When the Indian Constitution was being drafted, women in many countries of the world did not even have fundamental rights, but 15 women were included in the Constituent Assembly of India, which was tasked with framing the Constitution for Independent India. According To New India Samachar, here are the five women who played a crucial role in drafting the country's Constitution:
Ammu Swaminathan was elected to the Constituent Assembly in 1946 and was one of the very few women involved in drafting the Indian Constitution. She attended every meeting of the Constituent Assembly and actively participated in every debate. She was a strong advocate of women's rights, equality, and gender justice.
She complimented Dr Bhimrao Ambedkar's tireless efforts in getting equal legal rights for women.

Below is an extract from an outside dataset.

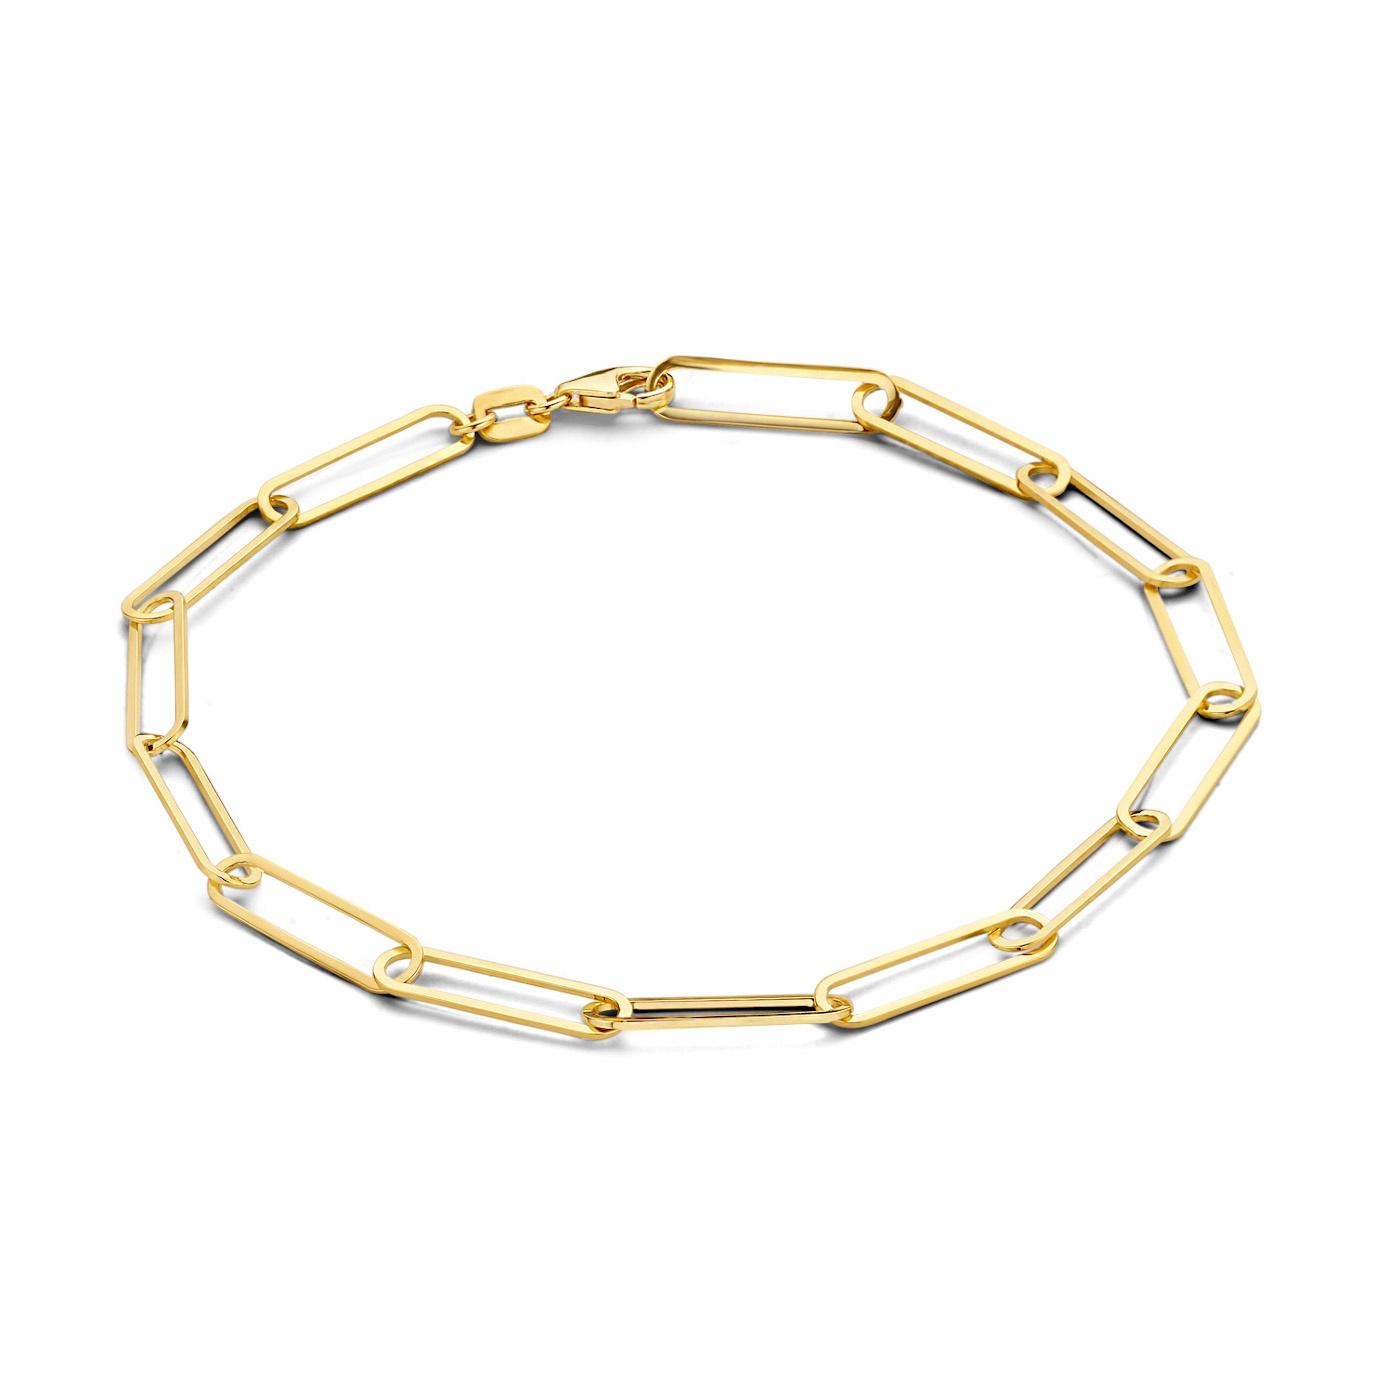 Isabel Bernard Aidee Odile 585er Gold Gliederarmband

When the Constituent Assembly resolution was being discussed, Ammu Swaminathan remarked that "people outside have been saying that India did not give equal rights to her women. Now we can say that when the Indian people themselves framed their Constitution, they have given rights to women equal with every other citizen of the country."
Born on April 22, 1894, in Palakkad, Kerala, Ammu also made a valuable contribution to India's freedom movement. She became a follower of Mahatma Gandhi during the Indian freedom struggle and was always at the fore in the fight to free India from the shackles of servitude. She was elected to the Lok Sabha in 1952 and became a member of the Rajya Sabha two years later. It is believed that though she never went to school but understood the importance of female education. She also headed the Bharat Scouts and Guides (1960–65) and the Censor Board. She died on July 4, 1978.
Rajkumari Amrit Kaur
When Rajkumari Amrit Kaur, daughter of King Harnam Singh of Kapurthala, returned to India in 1918 after receiving higher education from Oxford, she expressed her desire to join politics. Initially, her parents were reluctant to enter politics, but eventually, they gave in to her requests.
She joined the Indian National Movement after some time. In later years, she remained Mahatma Gandhi's secretary for 16 years and was one of his closest confidants. Being a staunch supporter of Gandhi, she actively participated in the 'Salt Movement' and 'Quit India Movement' and was arrested on both occasions.
Born on February 2, 1889, Amrit Kaur also fought a decisive battle against the evil practices prevalent in the country. She insisted on introducing sports as a curriculum in schools to make the children stronger and disciplined and later helped set up the National Sports Club of India. She was also opposed to evil practices like the purdah system, child marriage, and devadasi system.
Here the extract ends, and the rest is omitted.